#### Task to carry out
All lines from the one containing "EMPORIO ARMANI Футболка" through the end of the material are to be given back exactly, without pictures.

#### Given information
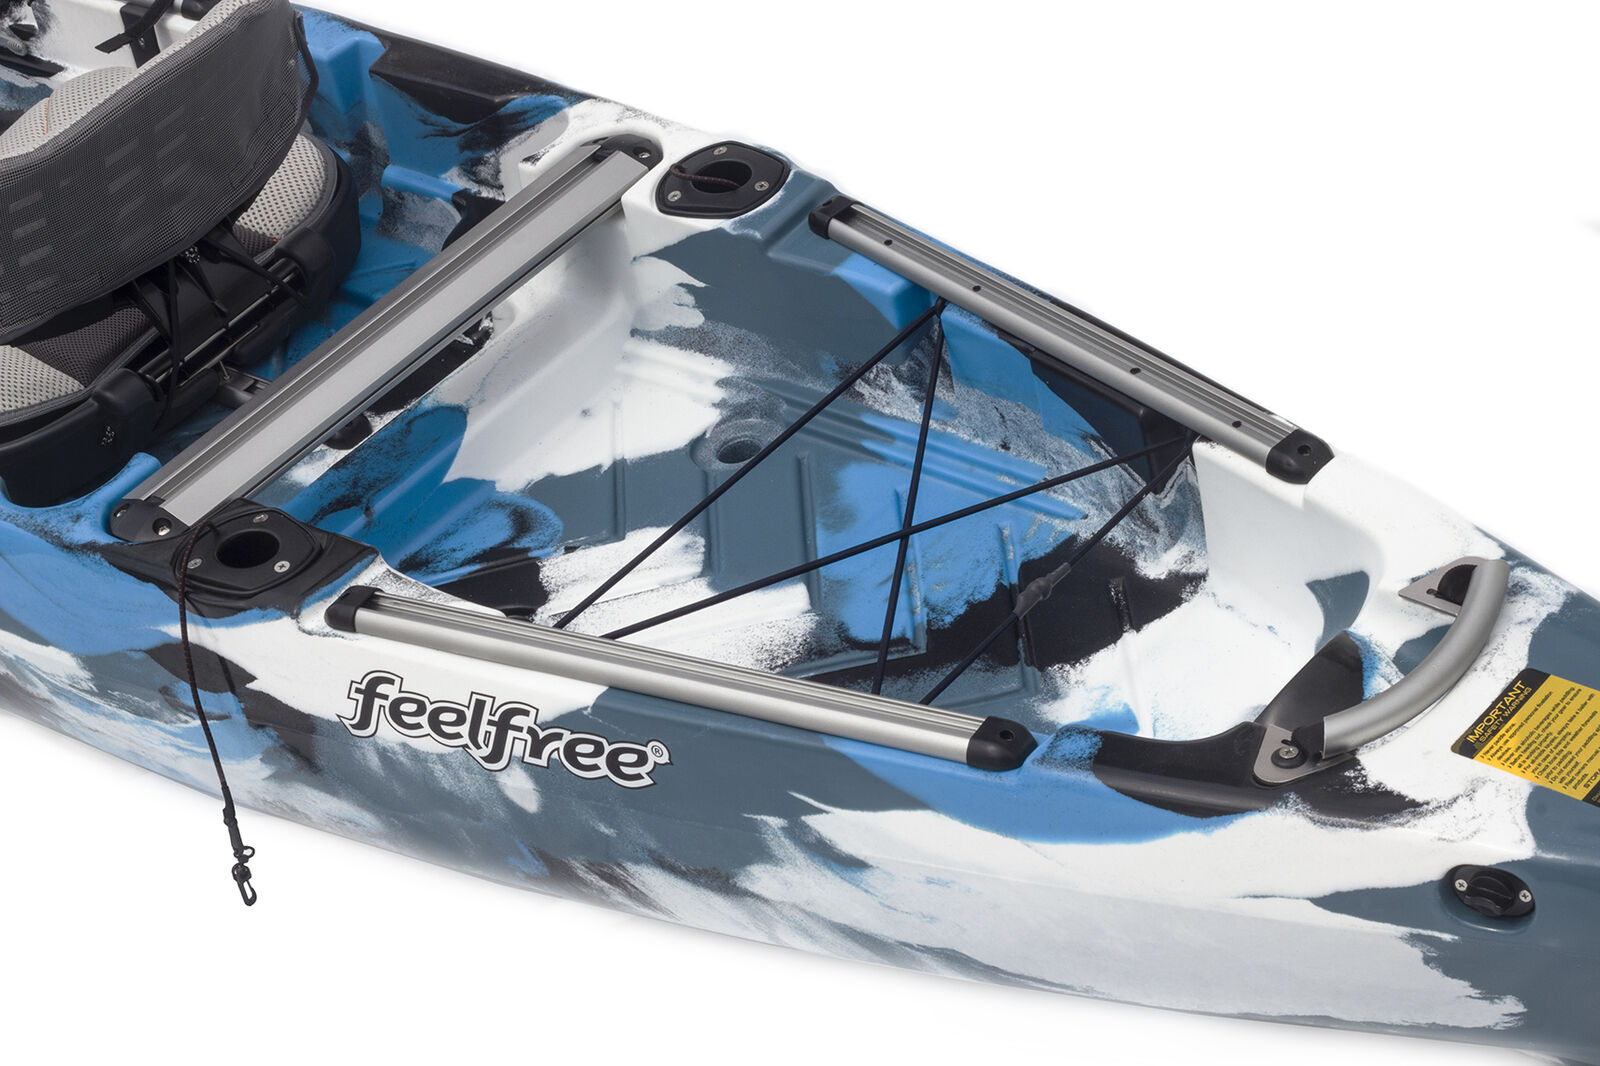 Feelfree Dagon 14 Angelkajak fishing kayak AngelStiefel Angler Kajak Kajak Kajak zum angeln c3f8cf
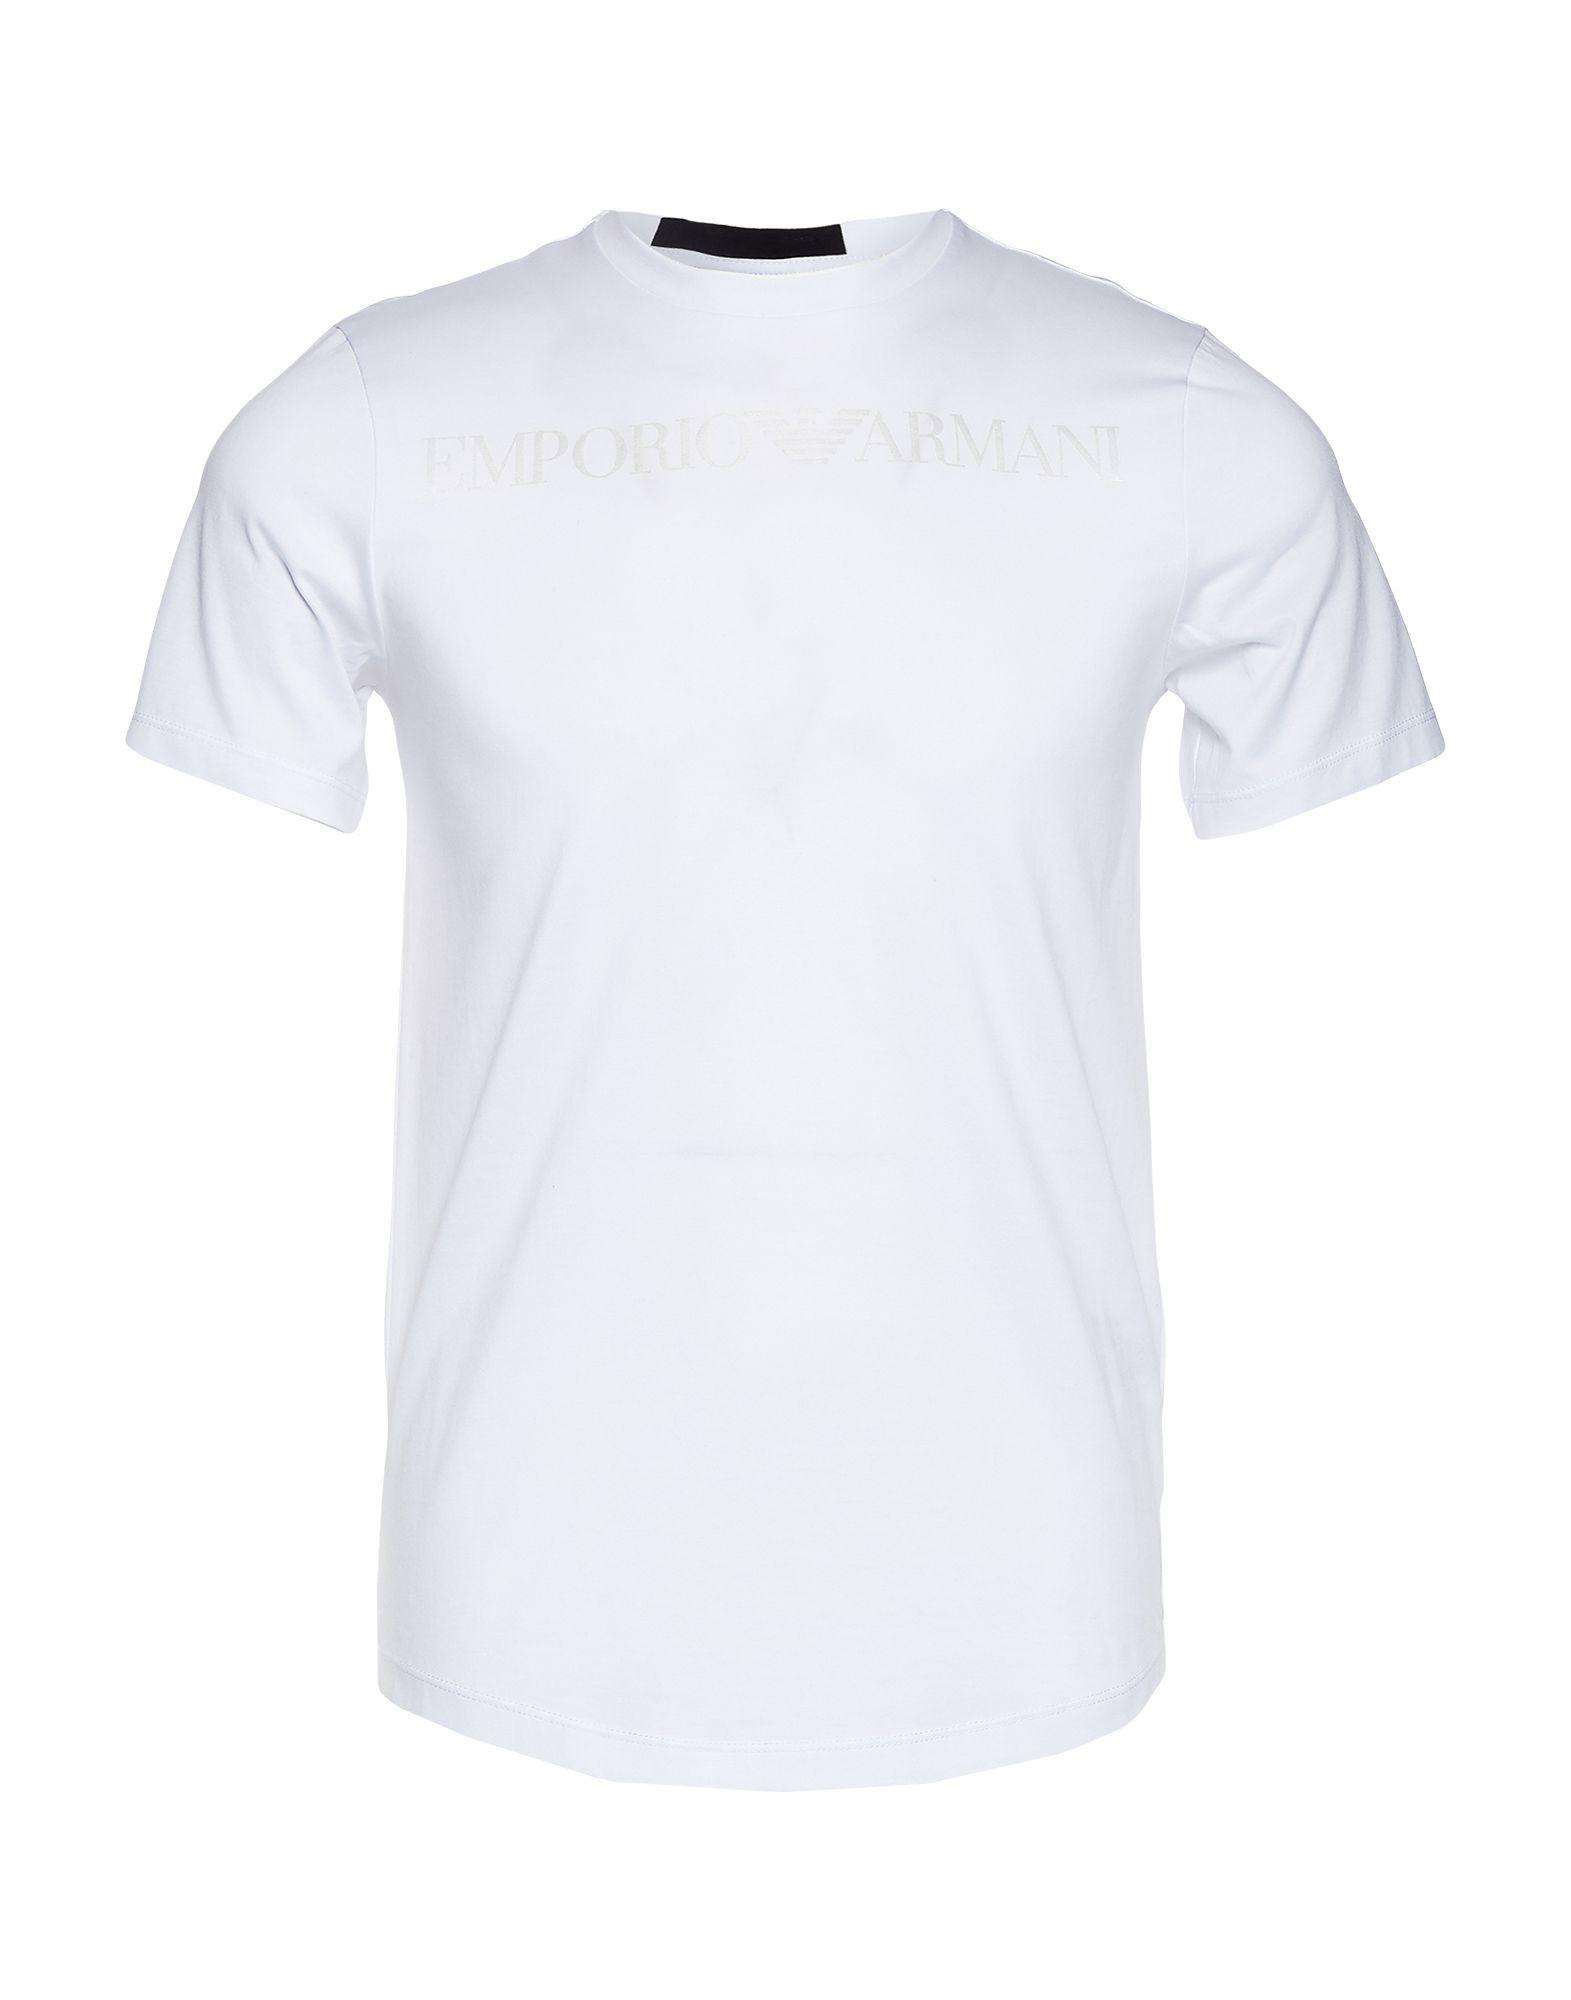 EMPORIO ARMANI Футболка футболка emporio armani emporio armani em598ewblnq5
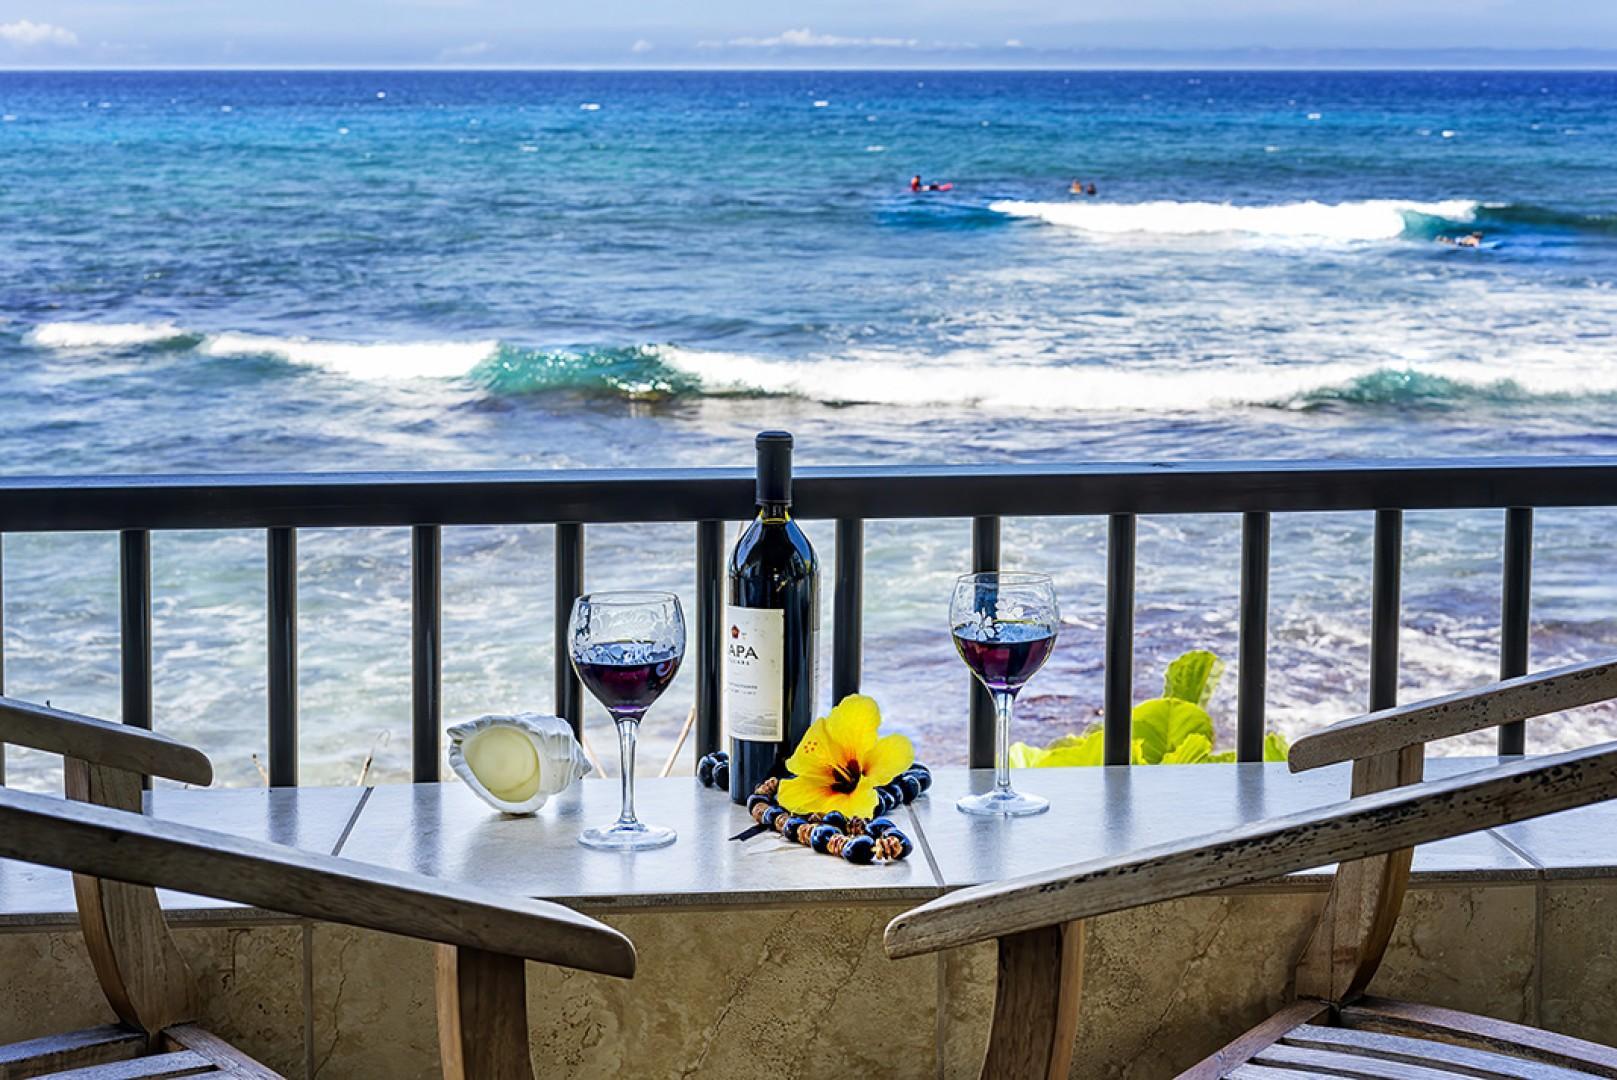 Wine & Waves anyone!

#### Reply to the task
 EMPORIO ARMANI Футболка футболка emporio armani emporio armani em598ewblnq5
 Wine & Waves anyone!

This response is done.